**TASK:** With the exception of the pictures, transcribe the entire listing exactly.

**SUPPLIED MATERIAL:**
┄┄┄┄┄┄┄┄┄┄

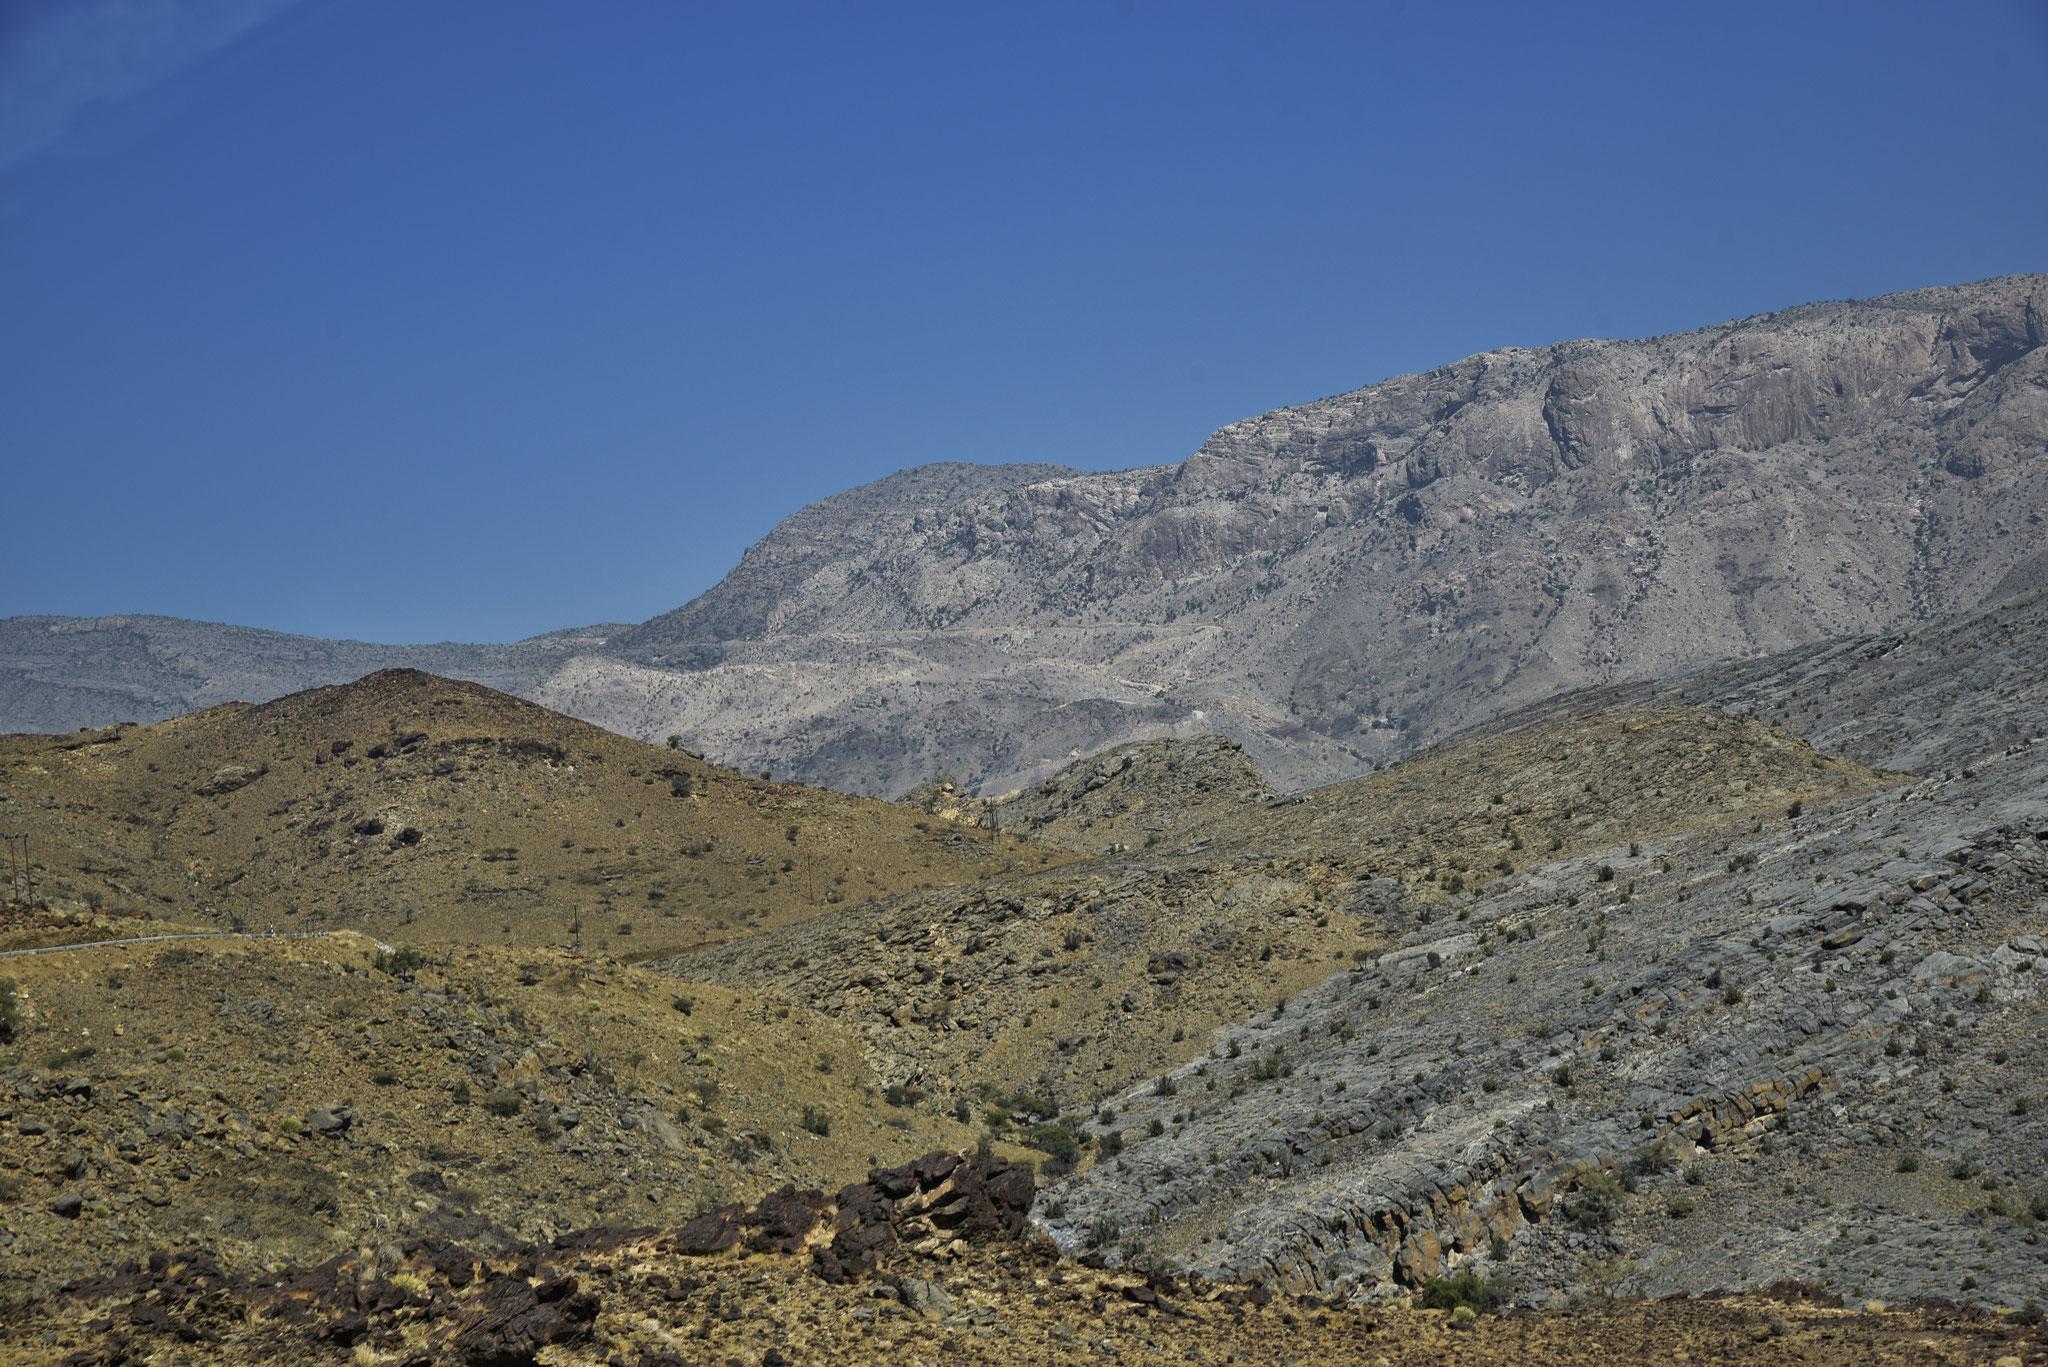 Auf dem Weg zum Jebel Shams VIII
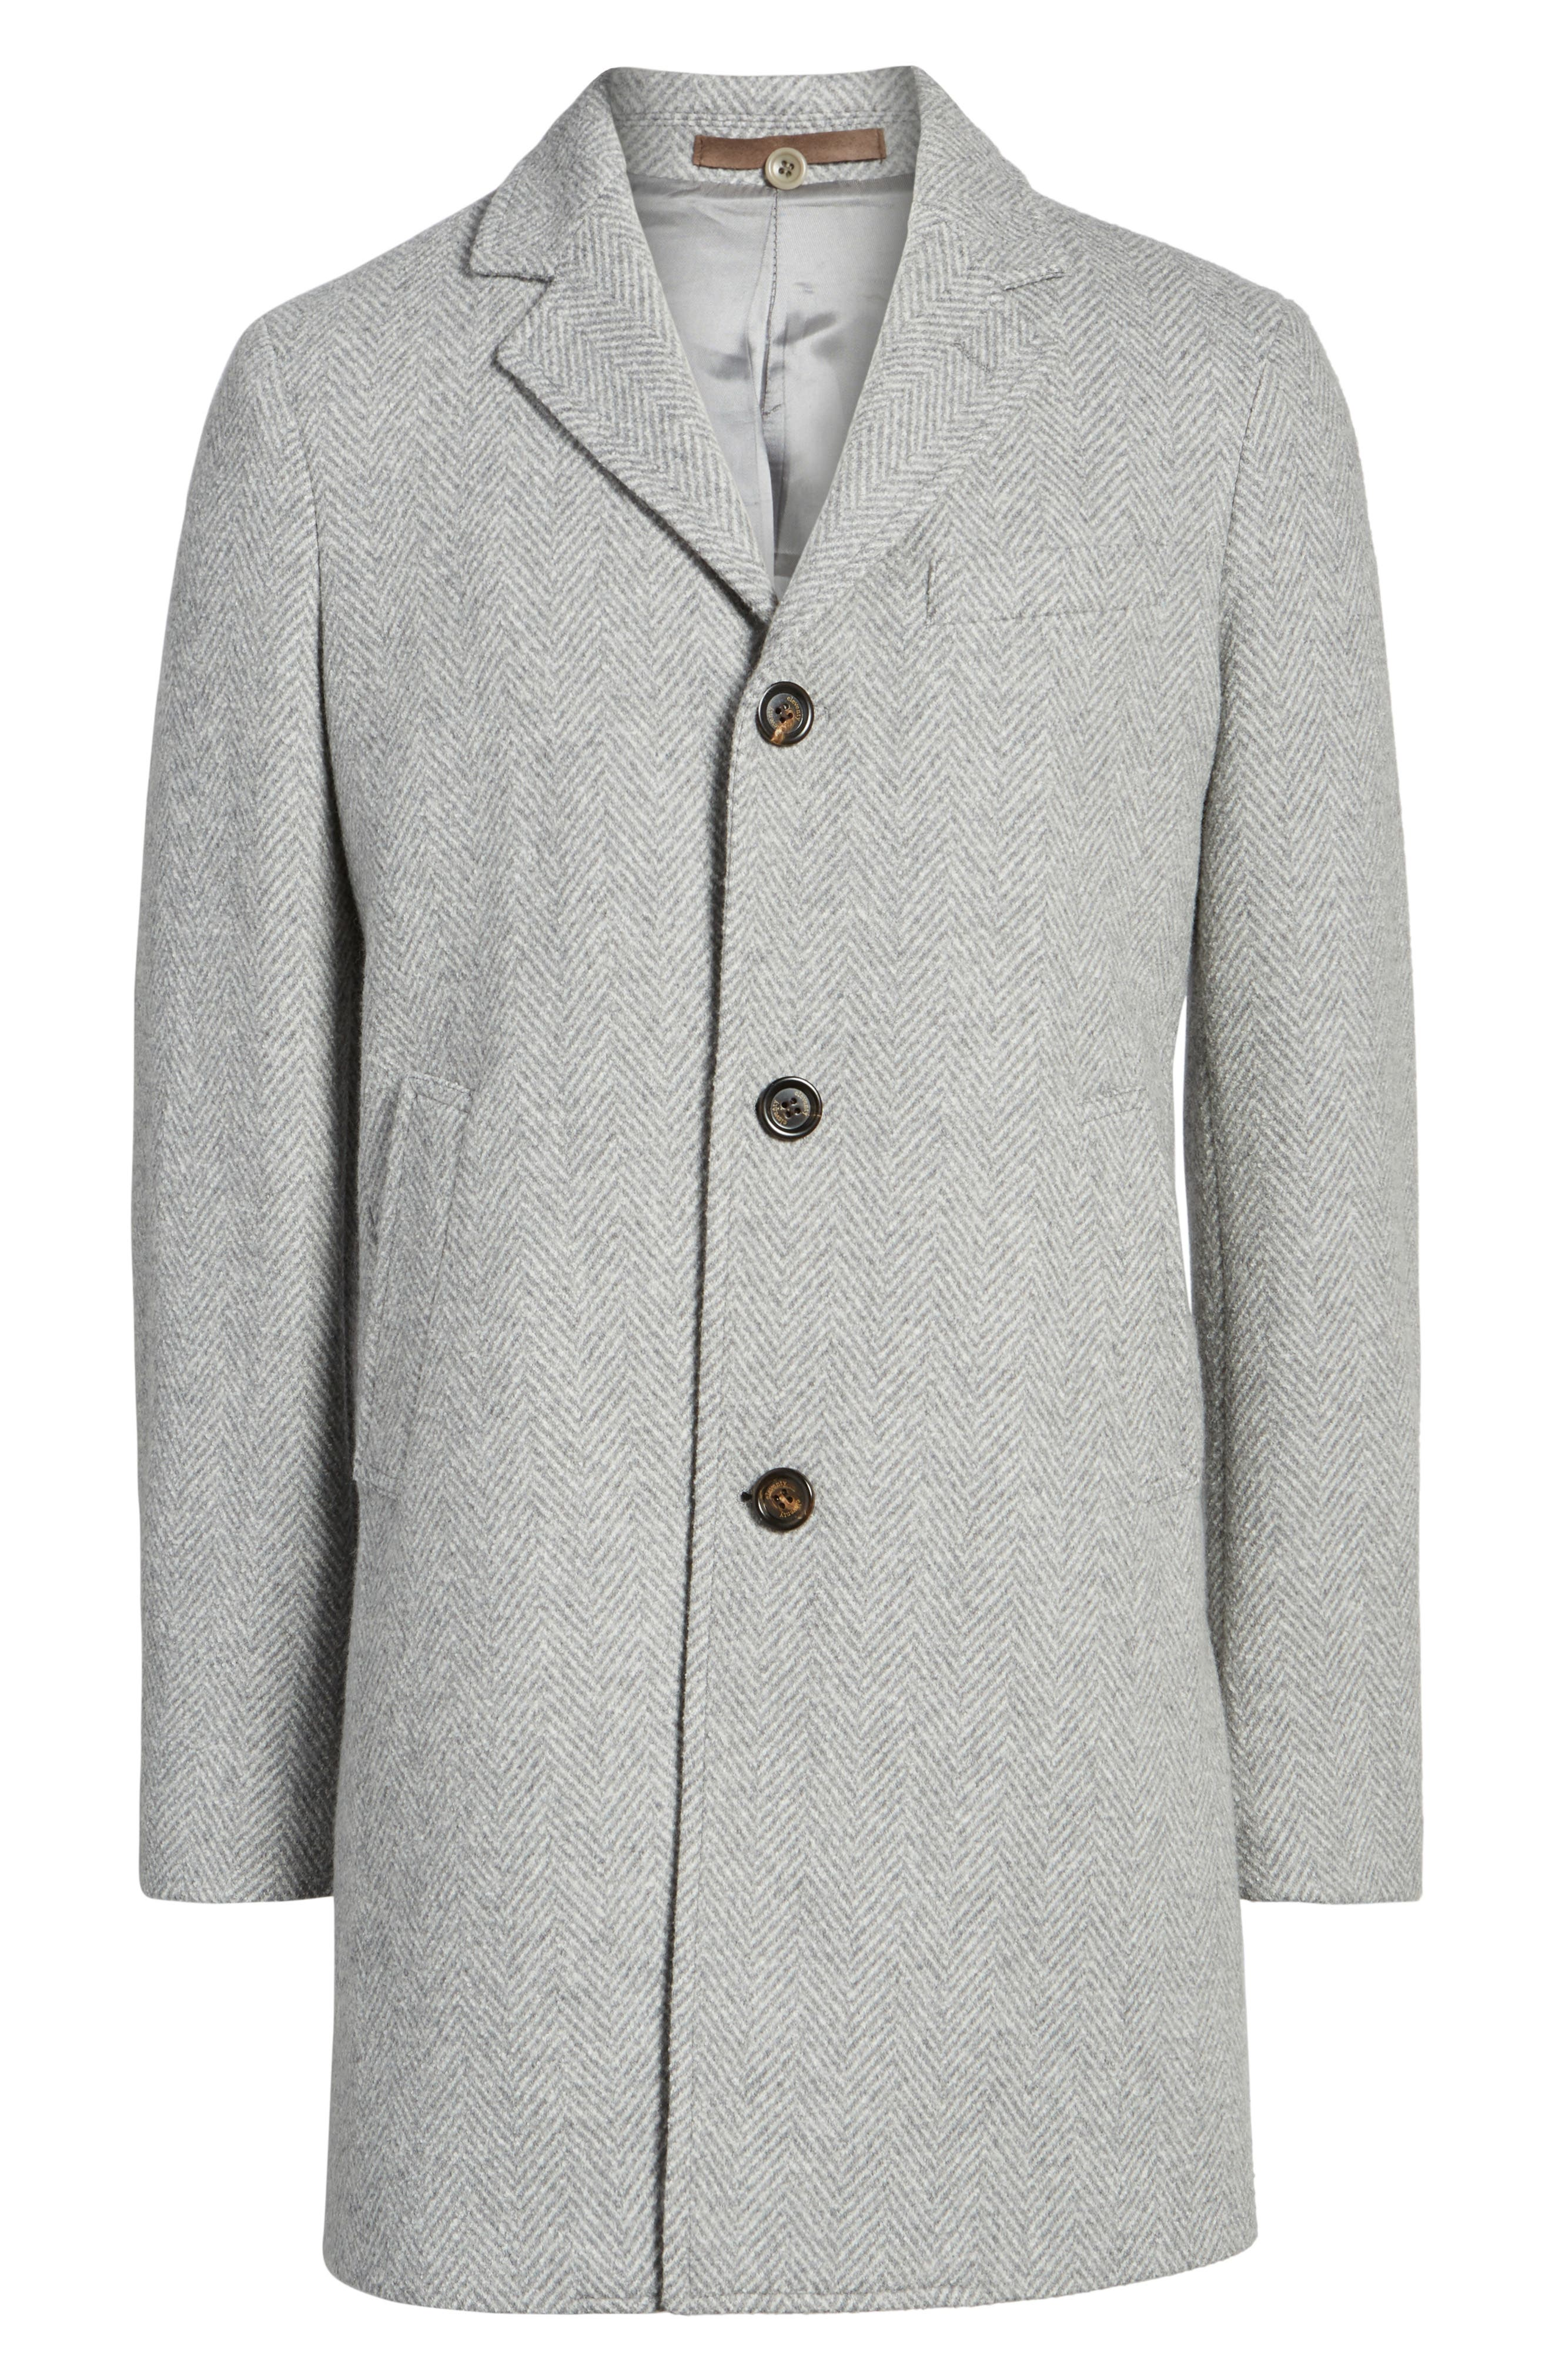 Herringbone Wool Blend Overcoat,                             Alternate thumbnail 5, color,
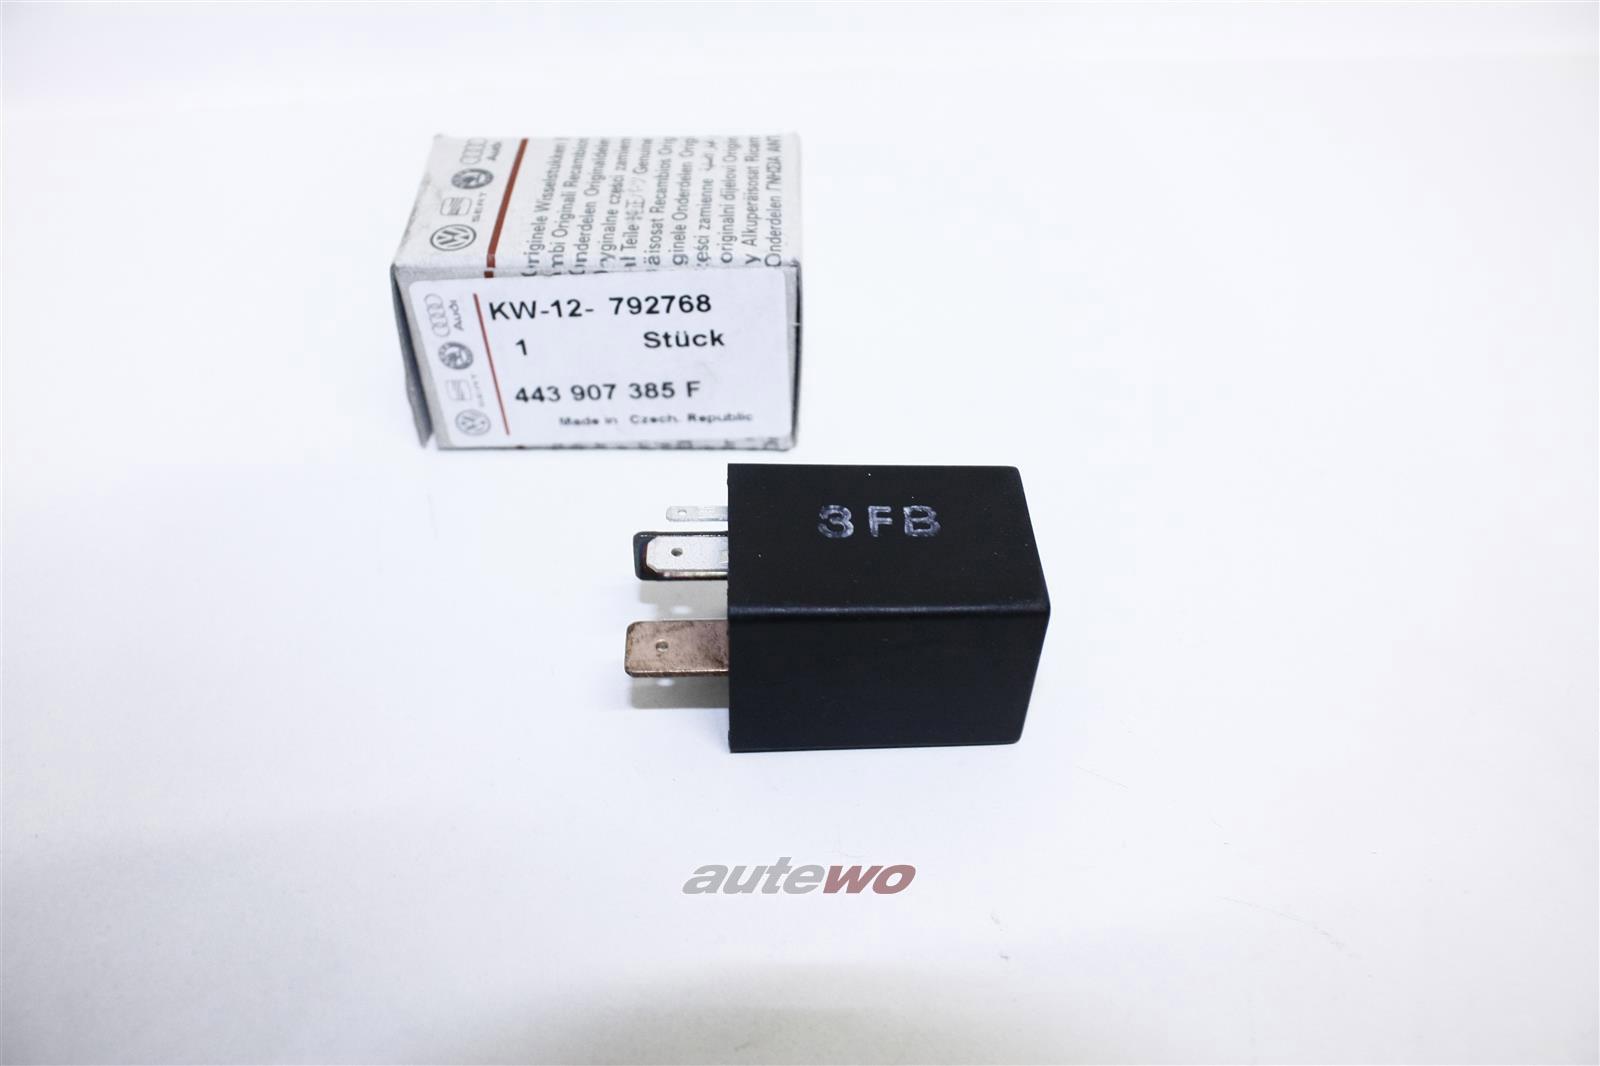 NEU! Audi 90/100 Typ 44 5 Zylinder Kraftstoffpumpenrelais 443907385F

┄┄┄┄┄┄┄┄┄┄

**WRITTEN SOLUTION:**
 Auf dem Weg zum Jebel Shams VIII
 Herringbone Wool Blend Overcoat,                             Alternate thumbnail 5, color,
 NEU! Audi 90/100 Typ 44 5 Zylinder Kraftstoffpumpenrelais 443907385F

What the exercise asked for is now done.